6th Prime Minister of Haiti
- In office November 8, 1994 – November 7, 1995
- President: Jean-Bertrand Aristide
- Preceded by: Robert Malval
- Succeeded by: Claudette Werleigh

Minister of Commerce
- In office February 19, 1991 – June 14, 1991
- President: Jean-Bertrand Aristide
- Prime Minister: René Préval
- Preceded by: Jean Mainville
- Succeeded by: Jean-François Chamblain

Personal details
- Born: Georges Jean-Jacques Smarck Michel March 29, 1937 Saint-Marc, Haiti
- Died: September 1, 2012 (aged 75) Port-au-Prince, Haiti
- Children: 3, including Marjorie
- Occupation: Businessman

= Smarck Michel =

Haitian politician (1937–2012)

Georges Jean-Jacques Smarck Michel or Smarck Michel (/fr/; March 29, 1937 - September 1, 2012) was appointed prime minister of Haiti on October 27, 1994, occupying the post from November 8, 1994 to October 16, 1995. Smarck was President Aristide's third prime minister, and the first to be named after the President's return from exile.

==Early life==
Michel was born in St.

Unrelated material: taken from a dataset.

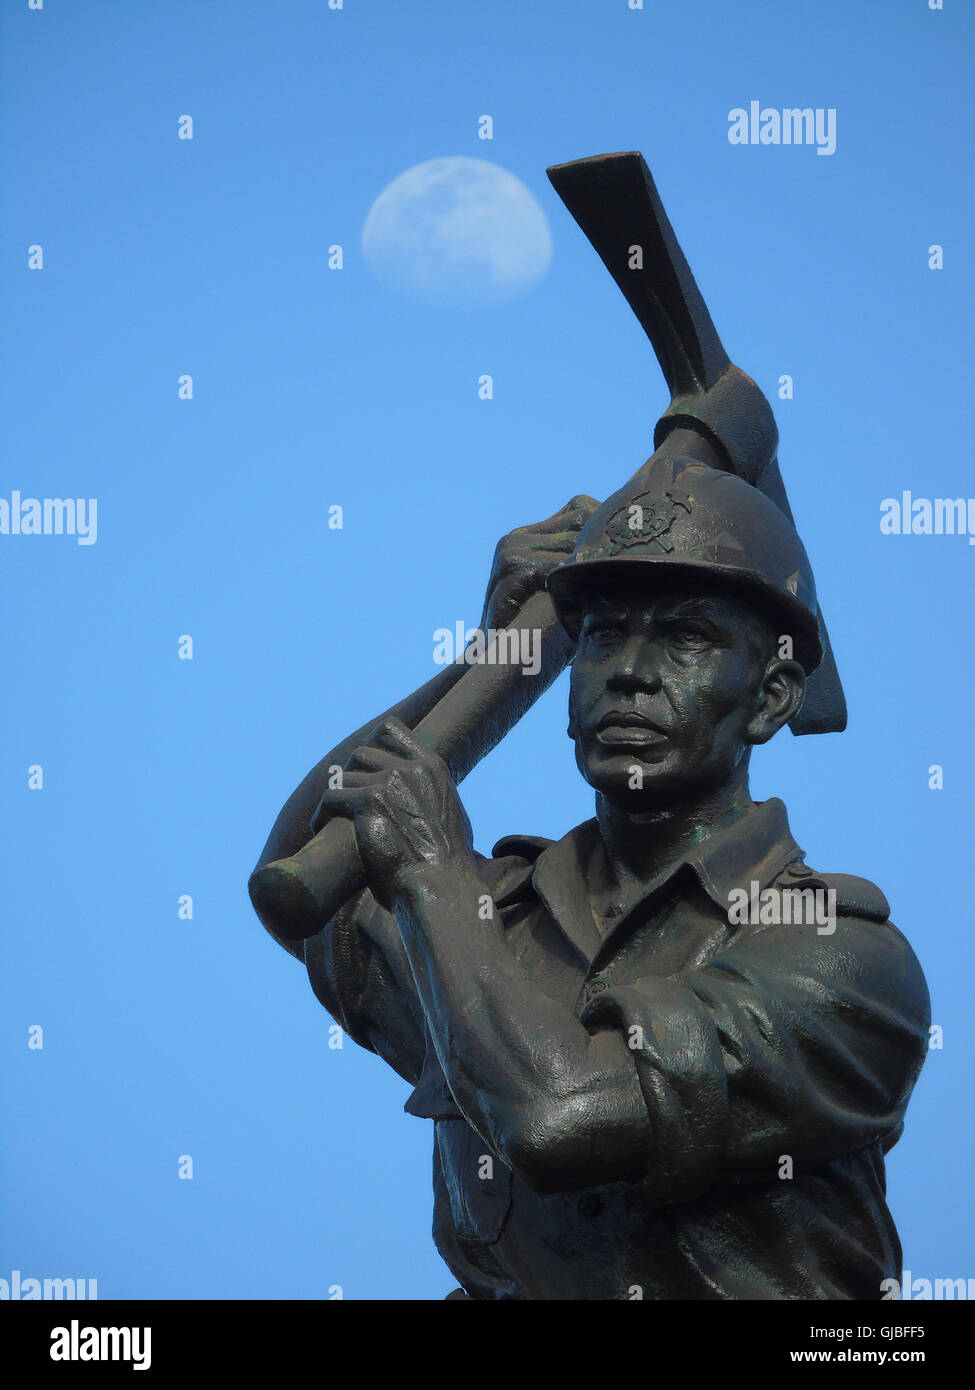 Miner statue with moon background on August 14, 2016 in Bintan island, Indonesia. Photo by Yuli Seperi Stock Photo

Marc to a military family and completed his post-secondary studies (business administration) in the United States.

Prior to politics Michel was a businessman running a grocery store and ran his family bakery.

==Political career==
His political career began as Minister of Commerce and ended after his Prime Ministership.

== Personal life ==
Married to wife Victoire Marie-Rose Sterlin, with whom he had a son Kenneth and daughters Patricia and Marjorie Michel.

His daughter Marjorie Michel moved to Canada, where she worked for an unofficial ad hoc advocacy organization in the Quebec area. In 2025, she was named the Liberal Party candidate for Papineau and she was elected in the 2025 Canadian federal election. Following her election to Parliament, in May 2025 Prime Minister of Canada Mark Carney appointed Marjorie as Minister of Health during a Cabinet re-shuffle.

Michel died near Port-au-Prince from brain tumour at age 75.